- Location: Greene County, Missouri
- Coordinates: 37°17′42″N 093°18′53″W﻿ / ﻿37.29500°N 93.31472°W
- Type: Water Source reservoir
- Basin countries: United States
- Surface area: 300 acres (120 ha)
- Surface elevation: 1,122 ft (342 m)
- Settlements: Glidewell, Ebenezer

= McDaniel Lake =

McDaniel Lake is a 300 acre source of water for the city of Springfield, Missouri owned and operated by City Utilities of Springfield as their public water source. Despite being 5 mi north of the city limits, the Springfield Police Department has primary jurisdiction over the lake, shorelines and corresponding city-owned land (the utility is fully owned by the City of Springfield).

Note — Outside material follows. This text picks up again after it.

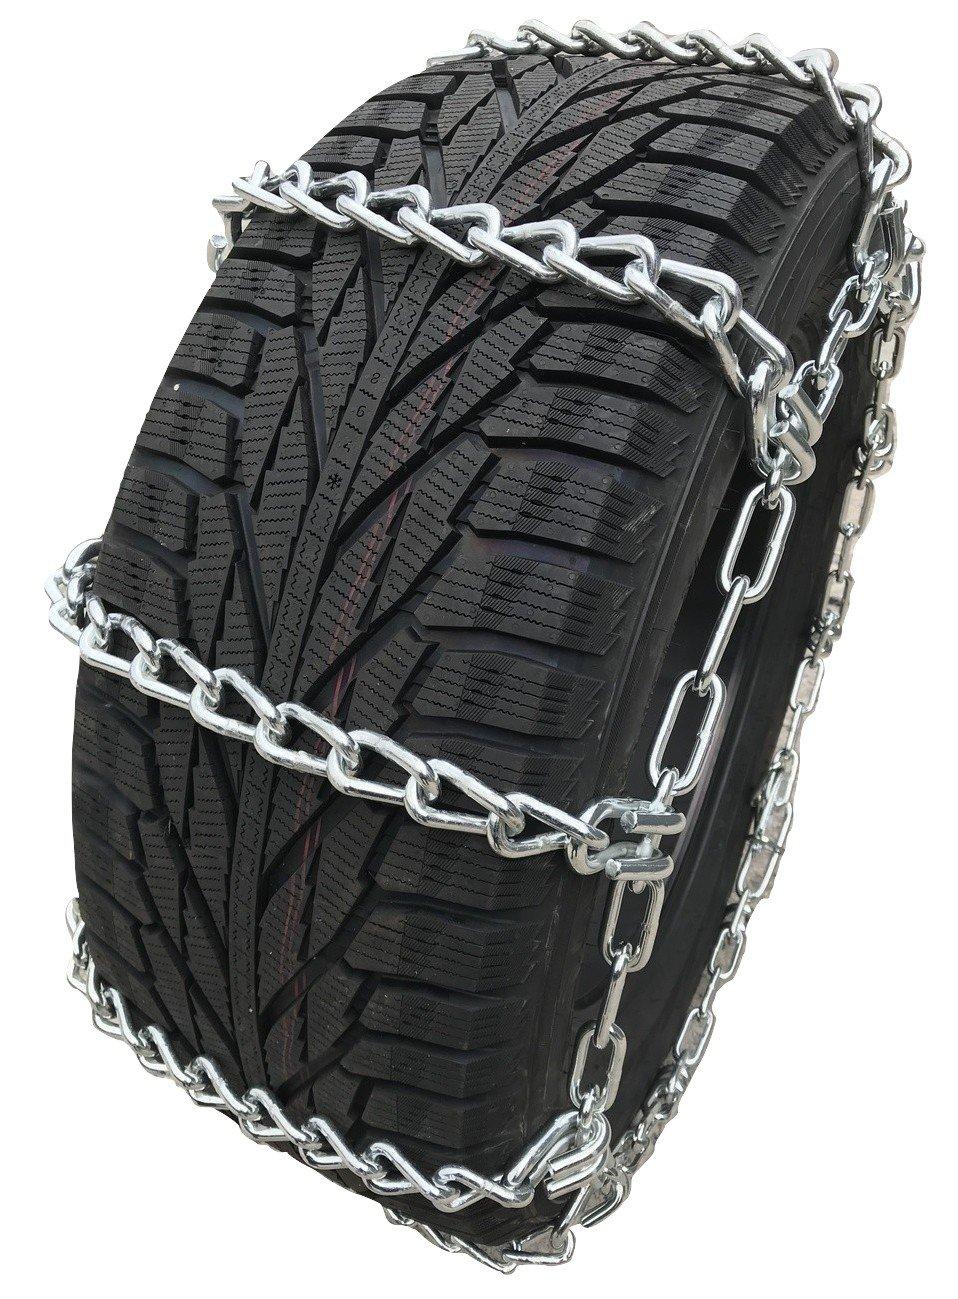 TireChain.com Heavy Duty Mud Service 5/16 Thick Tire Chains, Priced per Pair N-78-15, 265/75-15 31X10.50-15 9.50-16. 5235/80-17 P245/70-15 P275/60-15 L-78-16 LT12-16.5 215/75-17.5 P255/70-15 275/60

== Recreational activities ==

McDaniel Lake is considered a "restricted" lake meaning boating, floating, swimming and docks are not allowed on the water surface. Fishing, however is allowed and encouraged off of the 50 yd concrete bridge running west to east over the lake at one of its smaller sections.

== Lake creation and etymology ==

McDaniel Lake was created by impounding the Little Sac River in 1929, making it one of the oldest man-made dams in the area, with the dam at Fellows Lake being built in 1957. The McDaniel Lake dam was raised to increase lake-water storage in 1992, making it more visible from the solitary bridge.

== Fishing and accessibility ==

The lake is only accessible by vehicle at two points: one being Farm Roads 145/151 and a second at a smaller crossing on Farm Road 159. Both roads contain large bridges from which people can fish, though the Farm Road 145/151 bridge is popularized as being a better fishing location.

The lake boasts a variable amount of species of fish including carp, small mouth bass and large mouth bass, white bass, channel catfish and several sunfish. The lake itself is quickly gathering attention as being a top site in Southwest Missouri for fishing due to its serenity and peacefulness.